The C++ 2023 standard will not have an asynchronous algorithm feature called senders and sinks, allowing code to run simultaneously on a system with multiple chips, such as CPUs and GPUs.
“The goal there is maybe to try to get it into the working draft next year: the [C++ 26] working draft, so once it’s there, people will take it a lot more seriously,” he said. Nevin Libera computer scientist in the Center for Advanced Leadership at Argonne National Laboratory, and a C++ committee member, during a working session at last month’s meeting Supercomputing 2022 conference in Dallas.
Software applications written in C++ are undergoing fundamental changes, with PCs, servers, and mobile devices running code simultaneously on multiple chips. The goal with senders and receivers is to update the standard C++ framework to make it easier for developers to write applications that take advantage of the new runtime environments.

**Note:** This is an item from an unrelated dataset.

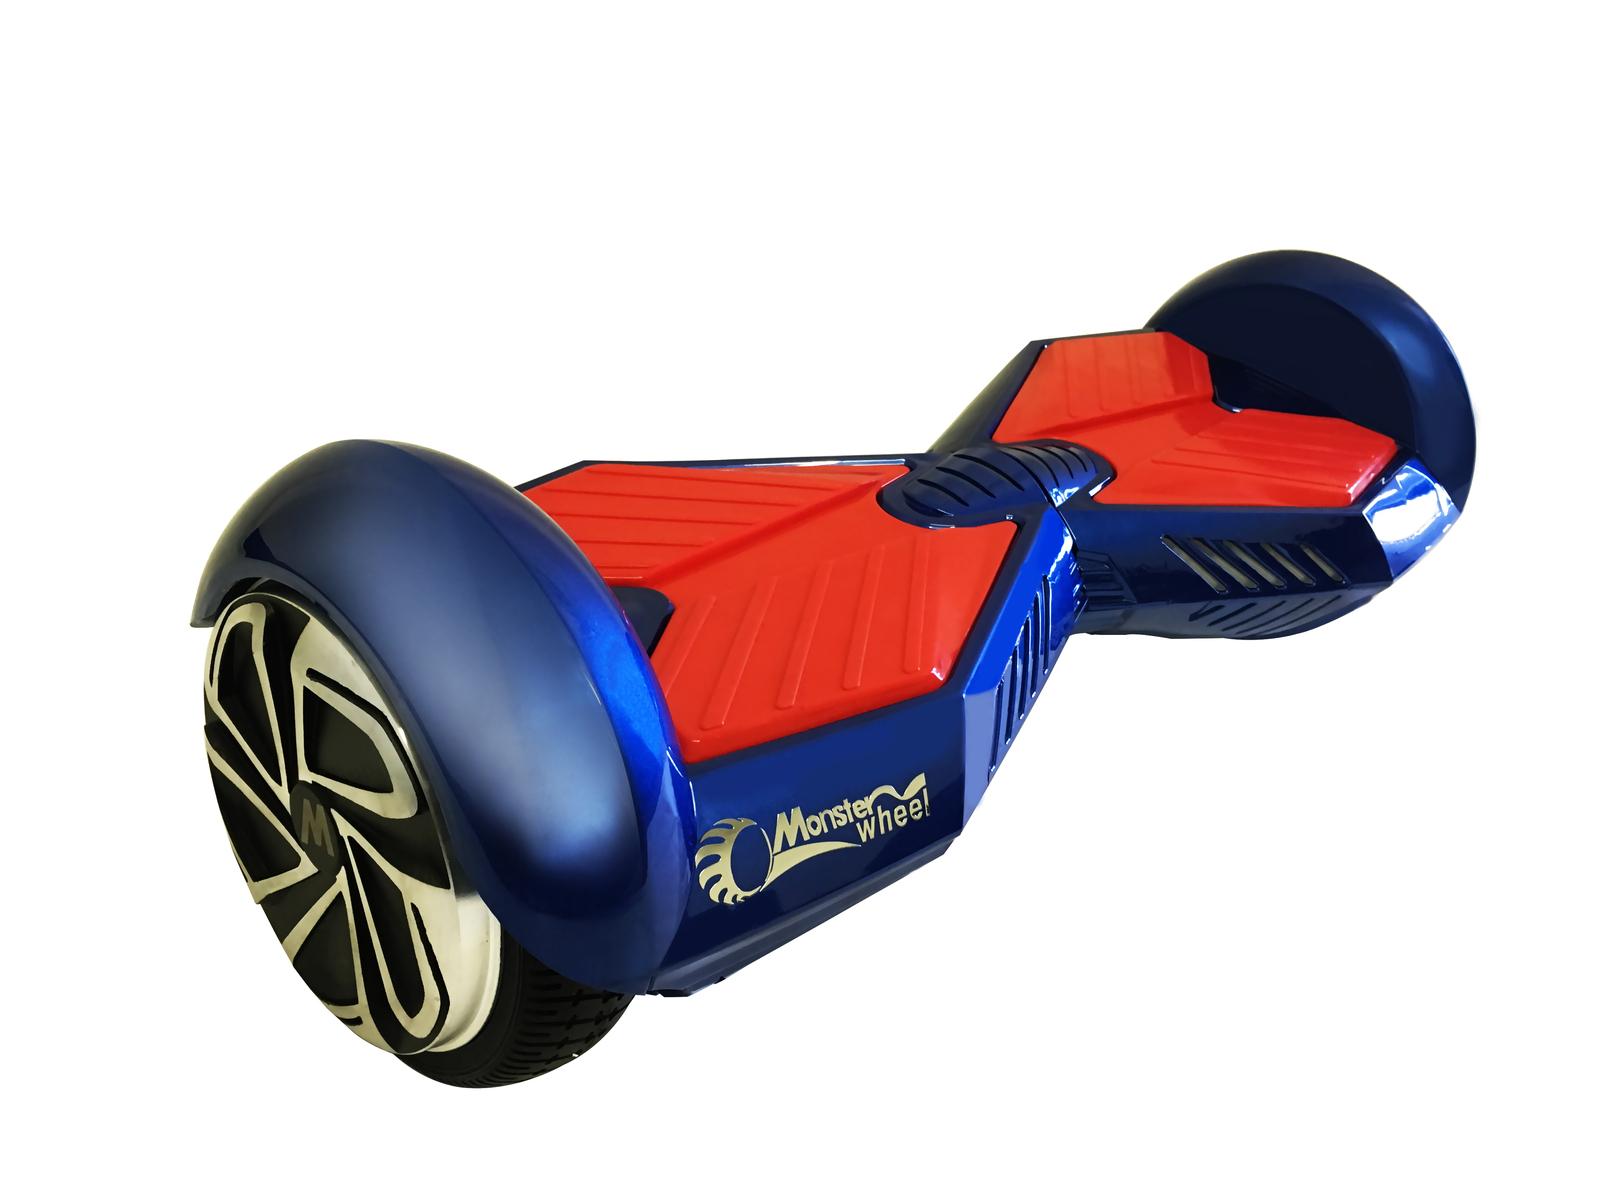 Lamborghini Monsterwheel Hoverboard With Remote Key

Programmers are increasingly writing code for CPUs and accelerators such as GPUs and AI chips, which are important for faster application execution.
“While the C++ standard library has a rich set of concurrency primitives…and lower-level building blocks…we lack a standard vocabulary and framework for asynchrony and parallelism that C++ programmers desperately need,” he says. a document that outlines the proposal.
Senders and Receivers
Currently, C++ code must be optimized for specific hardware. But senders and receivers will add a layer of abstraction so that standard C++ code runs in multiple parallel environments. The goal is to add portability, so the code works on different installations.
“We certainly have ideas of how to connect that with algorithms. My hope would be that for C++26 we can do that. You have a nice way of connecting these things and you also have… algorithms that can do asynchronous work,” he said. christian trottsenior staff member at Sandia National Laboratory and also a member of the C++ standards committee.
The asynchronous communication feature is being largely driven by Nvidia, whose CUDA The parallel programming framework is widely used in machine learning, which relies on CPU and GPU concurrency to reduce training time.
Nvidia has opened its source libcu++ C++ library. The company also released the CUDA 12.0 parallel programming framework last week, which supports the C++ 20 standard and supports host compilers such as GCC 10, Clang 11, and ArmC/C++ 22.x.
Senders/receivers may not make it to C++23, but it will make life easier for coders in the future, he said. esteban jonesCUDA architect at Nvidia, he told The New Stack.
“I feel pretty confident about 2026, but the senders/receivers: It’s a big change in C++. It’s something really very new for them to try to adopt a kind of pipeline asynchronous execution,” Jones said.
Mature technology is needed
While the delay of a key feature may not look good on paper, C++ committee members said it’s best to wait for a technology to mature before adding it as a standard. Accelerator computing is in its infancy, with ever-changing chip designs, memory, and storage requirements.
“I think we need to see more accelerators, he said james reindersan Intel software engineer, adding: “I think that needs a little more time to develop.”
Intel provides a tool called SYCLomatic that makes code portable across hardware by removing CUDA code that limits applications to Nvidia GPUs. Reinders said that GPUs won’t be the only accelerators available.
Reinders also pointed to a vigorous debate about whether hooks for technologies like remote memory are permanently needed in standard C++. Some are better as extensions, she said.
“Give it some time to develop and we’ll see if that’s the right thing to put in C++ or if it’s better as an extension. open PM it has been very strong for a long time. has never been incorporated Fortran or C. It’s appropriate not to overcomplicate a basic language,” Reinders said.